Your wording is weird . . . I'll tke a guess at what you meant.

And emakarov is correct!

$\displaystyle \text{If }\,x^4 - 6x^3 + 16x^2 -25x + 10\,\text{ is divided by }\,x^2 - 2x + k,$

. . $\displaystyle \text{the remainder is: }\;x+a$.

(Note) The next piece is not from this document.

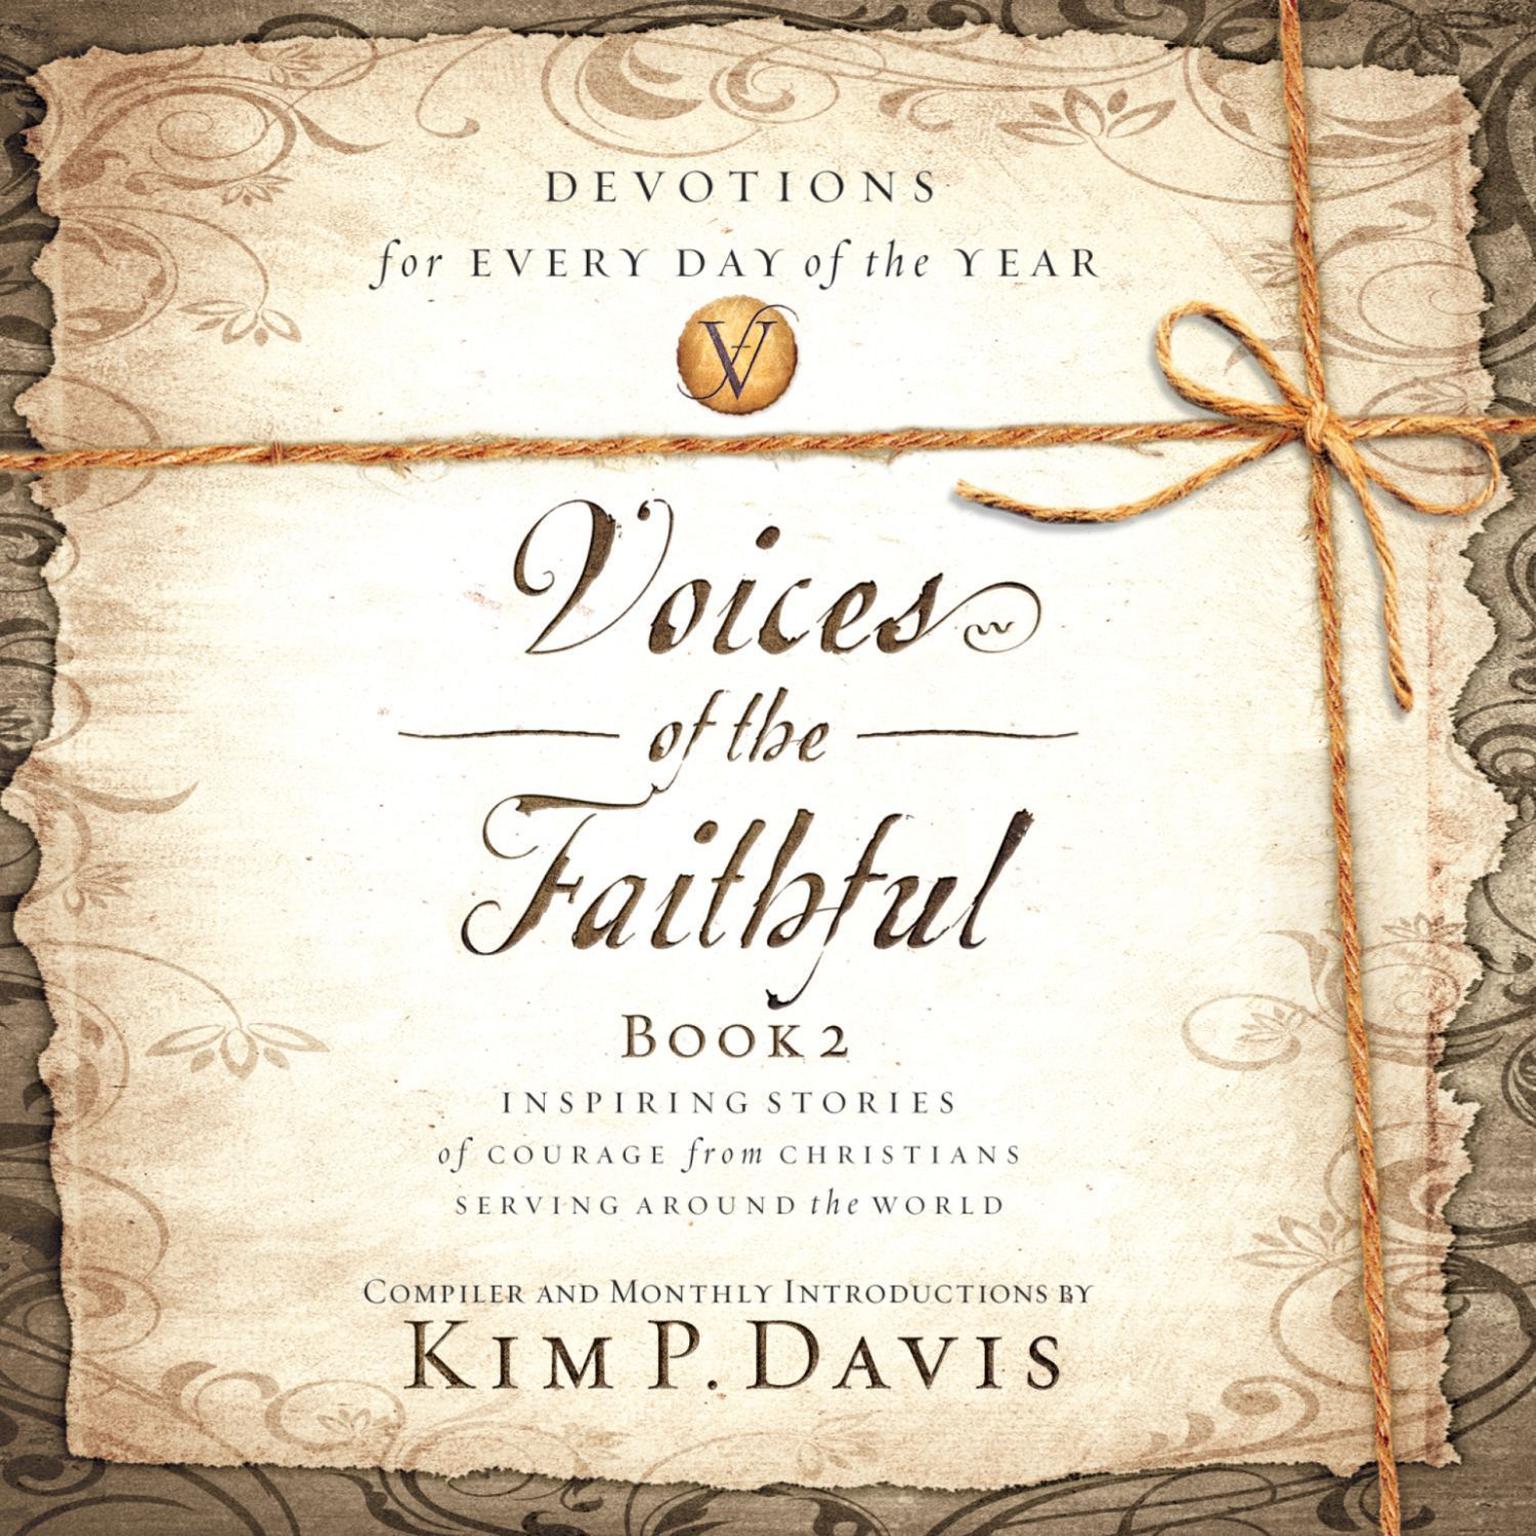 Voices of the Faithful - Book 2: Inspiring Stories of Courage from Christians Serving Around the World Audiobook, by Kim P. Davis

$\displaystyle \text{Find }\,k\text{ and }\,a.$

Long Division:

$\displaystyle \begin{array}{cccccccccccc} &&&&&& x^2 & - & 4x & + & (8-k) \\ & & --&--&--&--&--&--&--&--&--- \\ x^2\!-\12x\!+\!k & | & x^4 &-& 6x^3 &+& 16x^2 &-& 25x &+& 10 \\ && x^4 &-& 2x^3 &+& kx^2 \\ && --&--&--&--&--- \\ &&& - & 4x^3 &+& (16\!-\!k)x^2 &-& 25x \\ &&& - & 4x^3 &+& 8x^2 &-& 4kx \\ &&& --&--&--&---&--&--- \\ &&&&&& (8\!-\!k)x^2 &-& (25\!-\!4k)x &+& 10 \\ &&&&&& (8\!-\!k)x^2 &-& 2(8\!-\!k)x &+& k(8-k) \\ &&&&&& ---&--&---&--&--- \\ &&&&&&&& (2k\!-\!9)x &+& 10-k(8\!-\!k)\end{array}$

We have: .$\displaystyle (2k-9)x + (k^2 - 8k + 10) \;=\;x + a$

Equate coefficients: .$\displaystyle \begin{Bmatrix}2k-9 &=& 1 & [1] \\ k^2-8k+10 &=& a & [2] \end{Bmatrix}$

From [1]: .$\displaystyle 2k-9\:=\:1 \quad\Rightarrow\quad \boxed{k \:=\:5}$

Substitute into [2]: .$\displaystyle a \:=\:5^2 - 8(5) + 10 \quad\Rightarrow\quad \boxed{a \:=\:-5}$

4. Thanks .. Got my mistake
Originally Posted by Soroban
Hello, anshulbshah!

Your wording is weird . . . I'll tke a guess at what you meant.

And emakarov is correct!

Long Division:

$\displaystyle \begin{array}{cccccccccccc} &&&&&& x^2 & - & 4x & + & (8-k) \\ & & --&--&--&--&--&--&--&--&--- \\ x^2\!-\12x\!+\!k & | & x^4 &-& 6x^3 &+& 16x^2 &-& 25x &+& 10 \\ && x^4 &-& 2x^3 &+& kx^2 \\ && --&--&--&--&--- \\ &&& - & 4x^3 &+& (16\!-\!k)x^2 &-& 25x \\ &&& - & 4x^3 &+& 8x^2 &-& 4kx \\ &&& --&--&--&---&--&--- \\ &&&&&& (8\!-\!k)x^2 &-& (25\!-\!4k)x &+& 10 \\ &&&&&& (8\!-\!k)x^2 &-& 2(8\!-\!k)x &+& k(8-k) \\ &&&&&& ---&--&---&--&--- \\ &&&&&&&& (2k\!-\!9)x &+& 10-k(8\!-\!k)\end{array}$

We have: .$\displaystyle (2k-9)x + (k^2 - 8k + 10) \;=\;x + a$

Equate coefficients: .$\displaystyle \begin{Bmatrix}2k-9 &=& 1 & [1] \\ k^2-8k+10 &=& a & [2] \end{Bmatrix}$

From [1]: .$\displaystyle 2k-9\:=\:1 \quad\Rightarrow\quad \boxed{k \:=\:5}$

Substitute into [2]: .$\displaystyle a \:=\:5^2 - 8(5) + 10 \quad\Rightarrow\quad \boxed{a \:=\:-5}$

5. A way to avoid long division -- let:

$\displaystyle \displaystyle \frac{x^4 - 6x^3 + 16x^2 -25x + 10}{x^2 - 2x + k} = (bx^2+cx+d)+\frac{x+a}{x^2 - 2x + k}$

$\displaystyle \displaystyle \Rightarrow {x^4 - 6x^3 + 16x^2 -25x + 10} = (x^2 - 2x + k)(bx^2+cx+d)+(x+a)$

$\displaystyle \displaystyle \Rightarrow {x^4 - 6x^3 + 16x^2 -25x + 10} = bx^4+(c-2b)x^3+(d-2c+kb)x^2+(kc-2d+1)x+kc+a$ $\displaystyle \;\; ^{\bigg\star}$

$\displaystyle ^* b = 1 \;\; \therefore \; c-2b = -6 \Rightarrow c = -4 \;\; \therefore \; d-2c+kb = 16 \Rightarrow d = 8-k [/Math] [Math]\therefore \; kc-2d+1 = -25 \Rightarrow \boxed{k = 5} \;\; \therefore \; d = 8-k \Rightarrow d = 3 \;\; \therefore \; kc+a = 10 \Rightarrow \boxed{a = -5}.$

$\displaystyle \star$ The key at this step is of course to add the x in the remainder with the other x terms.
$\displaystyle *$ We compare the coefficients, of course.